Graphene synthesis and transfer

Graphene films were synthesized via low pressure chemical vapor deposition (LPCVD) using copper foil (25 μm in thickness, ALFA AESAR) as a metal catalyst, as described before in detail17. Transfer was performed using poly(methyl methacrylate) (PMMA, 950 A9, Microchem). After etching the Cu foil (CE-100, Transene), graphene films were rinsed with hydrochloric acid and de-ionized (DI) water. PMMA layer was removed by annealing at 450°C for 2 hours under H2 (600 sccm) and Ar (400 sccm).

OPV device fabrication

Organic active layers (DBP (Luminescence Technology Corp., >99%), C60 (Sigma Aldrich, 99.9%), BCP (Luminescence Technology Corp., >99%)), MoO3 (Alfa Aesar, 99.9995%) and metals contacts (Al (Alfa Aesar, 3.175 mm slug, 99.999%), Ag (Alfa Aesar, 1-3 mm shot, 99.999%), Au (Kurt J. Lesker, 3.175 mm pallets, 99.999%)) were thermally evaporated through shadow masks at a chamber pressure of 2 × 10−6 Torr at rates of 1.0 Å/s. C60 was purified once before use via thermal gradient sublimation. DBP, BCP, MoO3, Al, Ag and Au were used as received. The ITO (Plasmaterials) is deposited via rf-sputtering in a 3 to 5 mTorr Ar atmosphere. The first 20 nm of the film was deposited at a rate of 0.01 nm/s using a low sputtering power of 7 W to minimize damage to the underlying MoO3 film and the remaining 80 nm of ITO film was deposited at 0.05 nm/s and 50 W.
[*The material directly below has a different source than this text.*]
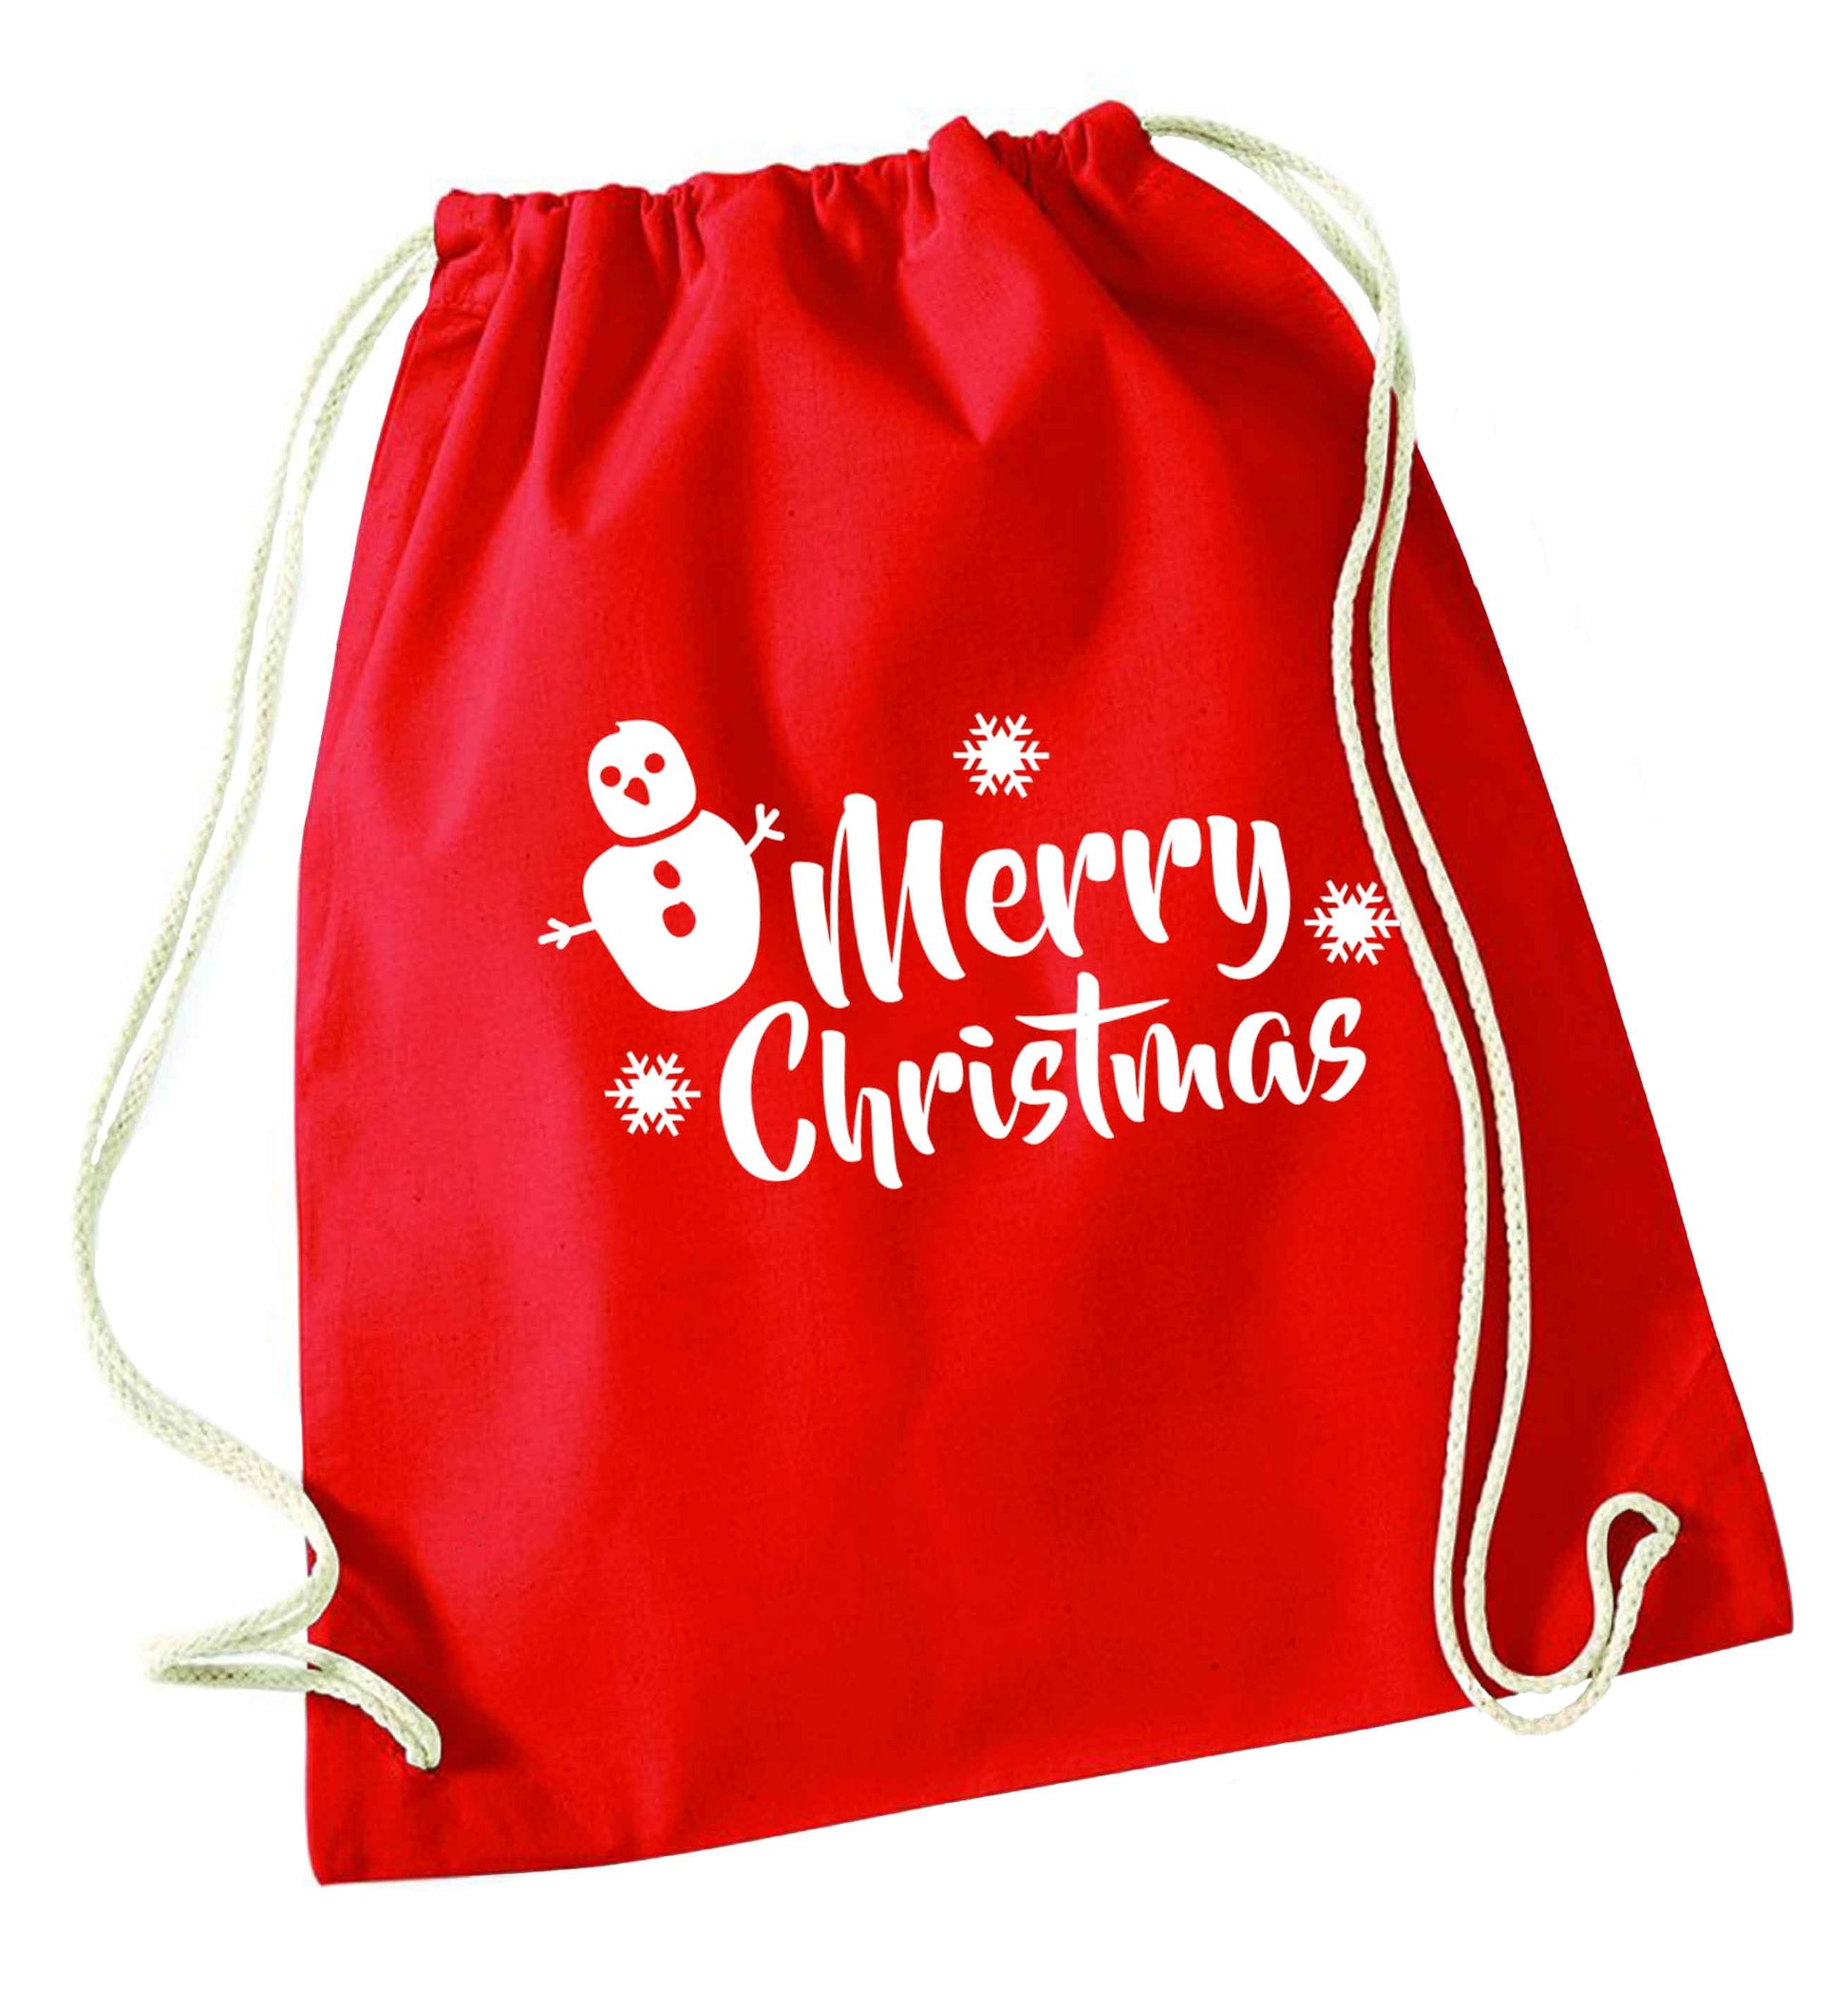 Merry Christmas - snowman red drawstring bag

P3HT (Sigma Aldrich) and PCBM (Sigma Aldrich) were dissolved in dichlorobenzene (30 mg/ml) and mixed at 1:1 v/v. The mixture was spin-coated at 1000 rpm for 60 s and annealed at 150°C for 45 min in nitrogen filled glovebox.

PEDOT:PSS (Clevios™ P VP AI 4083) was filtered (0.45 μm), spin-coated at 4000 rpm for 60 s and annealed at 175°C for 5 min in ambient condition. PEDOT:PEG(PC) in nitromethane (1 wt.%, Sigma Aldrich) was filtered (0.2 μm), spin-coated at 5000 rpm for 60 s and was spin-dried in ambient condition. The D-HIL layer was formed by consecutive spin-coating of PEDOT:PEG(PC) and PEDOT:PSS.

Pre-patterned ITO substrates (Thin Film Devices, 150 nm thick, 20 Ω/sq, 85%T) were cleaned by sonication in soap water (Micro-90, Cole-Parmer), DI water, acetone and isopropanol, followed by exposure to O2 plasma (100 W, Plasma Preen, Inc.) for 3 min. Patterned graphene substrates were cleaned by annealing at 450°C for 30 min under H2 (600 sccm) and Ar (400 sccm). The device area defined by the overlap between the top and bottom electrodes was 1.21 mm2.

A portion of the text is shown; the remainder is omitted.